California Supreme Court Says Individual Supervisors Cannot be Held Personally Liable for Retaliation

As most of you know, California’s Fair Employment and Housing Act (“FEHA”) prohibits discrimination and harassment on the basis of sex, race, religion, color, national origin, ancestry, disability, medical condition, marital status, age, pregnancy, and sexual orientation. FEHA also prohibits retaliating against an employee for opposing or complaining about discrimination or harassment.

For the past decade, both the California Legislature and the California Courts have grappled with the issue of whether individual supervisors or co-workers can be held personally liable for discrimination, harassment or retaliation. Ten years ago, the California Supreme Court held that individuals may not be held personally liable for discrimination, and that liability for discrimination instead lies only with the employer. For example, assume that Company X is found to have terminated an employee because of her race. Company X can be held liable for discrimination. The supervisor who made the termination decision, however, cannot be held liable.
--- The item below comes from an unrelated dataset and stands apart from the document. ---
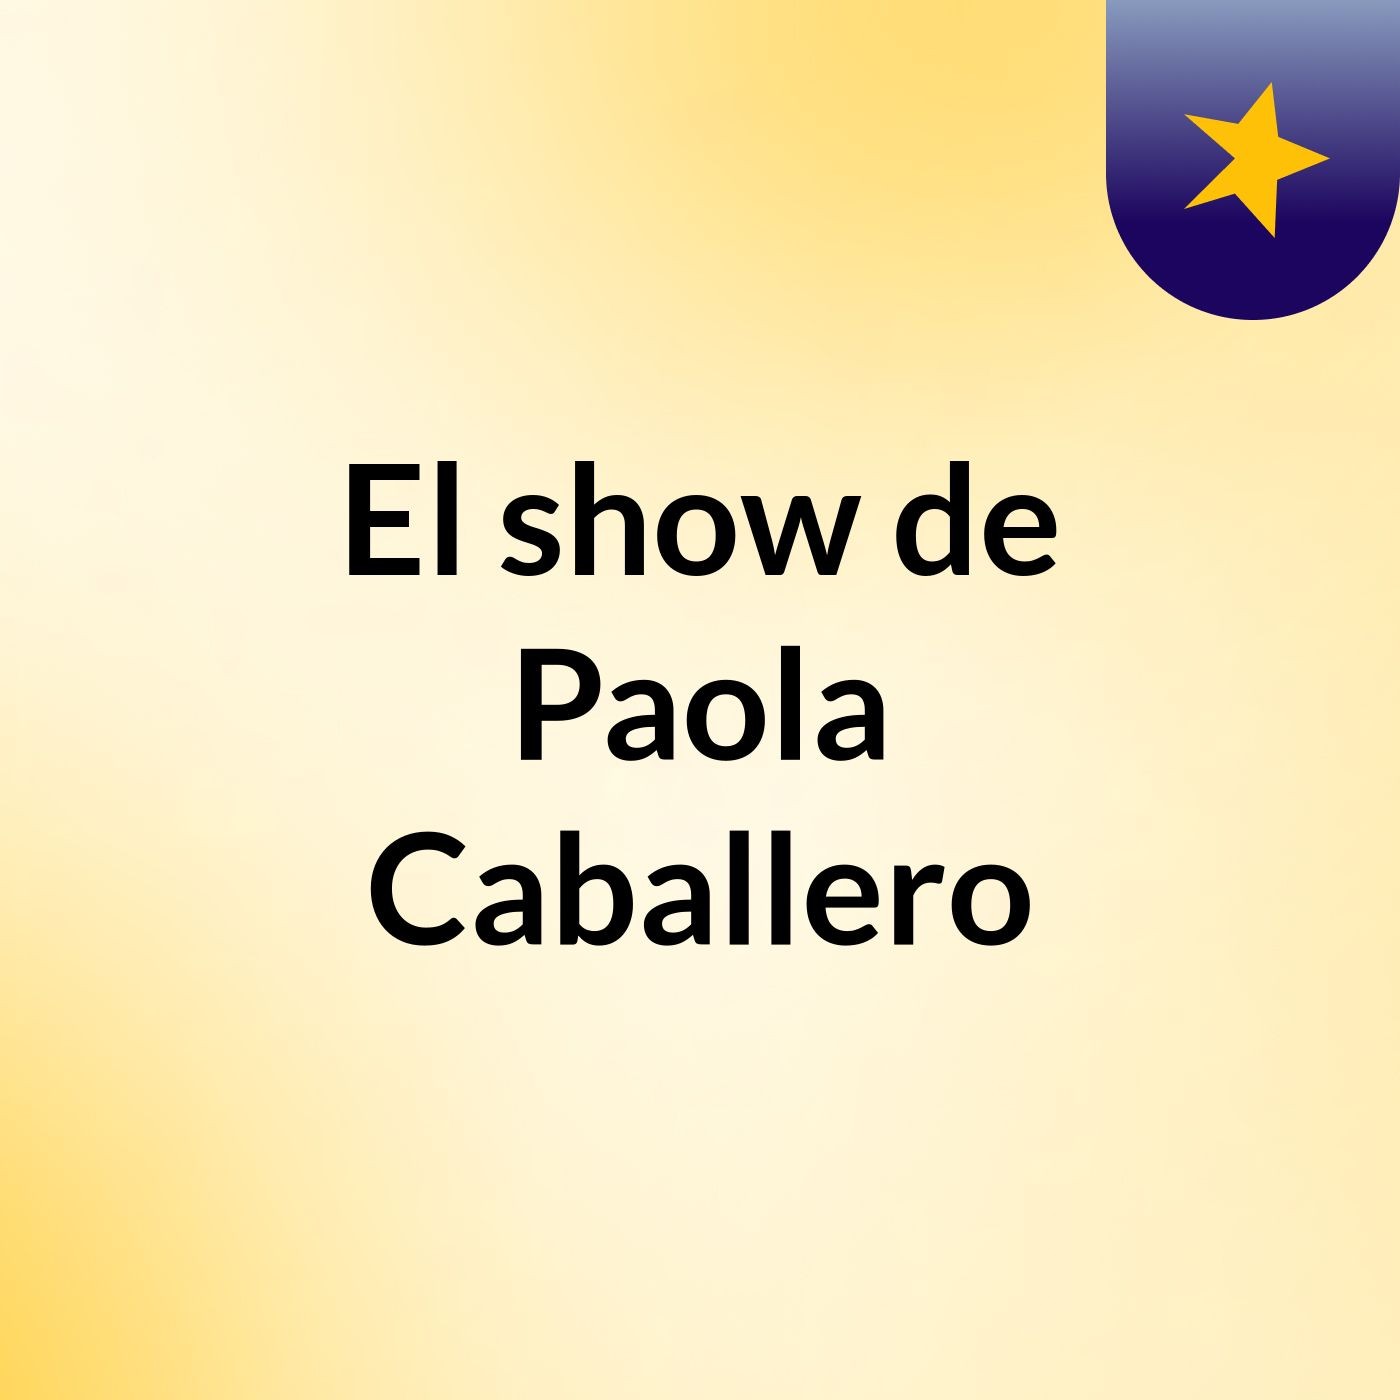 El show de Paola Caballero

In contrast, FEHA specifically provides that individual supervisors and co-workers can be held liable for harassment. So assume that Supervisor Y, who works for Company X, is found to have sexually harassed an employee. In this case, Company X and Supervisor Y can both be held liable for harassment.

What about retaliation? For the past five to ten years, most courts that have considered the issue have held that individuals can be held liable for retaliation. On March 3, 2008, however, the California Supreme Court held that individuals cannot be held personally liable for at least some forms of retaliation. Here’s an example of what this means. Assume an employee of Company X complains to the HR Department that he believes he was passed over for a promotion because of his sexual orientation. The HR Department discusses the issue with the employee’s supervisor, who is angry to learn of the employee’s complaint. One month later, the supervisor fires the employee for performance issues. If the employee can prove that the performance issues were pretextual, and that he was actually fired because of his discrimination complaint, Company X may be liable for retaliation. The supervisor, however, may not be held personally liable.

What if the employee in the above example had instead complained to the HR Department that he was being harassed based on his sexual orientation? Would the result be different? Maybe. That’s because the California Supreme Court stated in a footnote that it was expressing no opinion on whether an individual who is personally liable for harassment would also be personally liable for retaliating against someone who reports that same harassment. Whether or not personal liability exists in this situation is thus a question that will have to be answered by another court or by the California Legislature.

Note that there are 7 Justices on the California Supreme Court, and 3 of them dissented. The dissenting Justices ended by opining that the California Legislature should clarify FEHA to specify precisely whether individuals can be liable for retaliation, and, if so, under what circumstances. It remains to be seen whether the Legislature will take that advice.

While this new decision is a boon to individual supervisors, it does nothing to change an employer’s liability for retaliation. Employers thus need to remain vigilant about promulgating and enforcing policies against discrimination, harassment, and retaliation.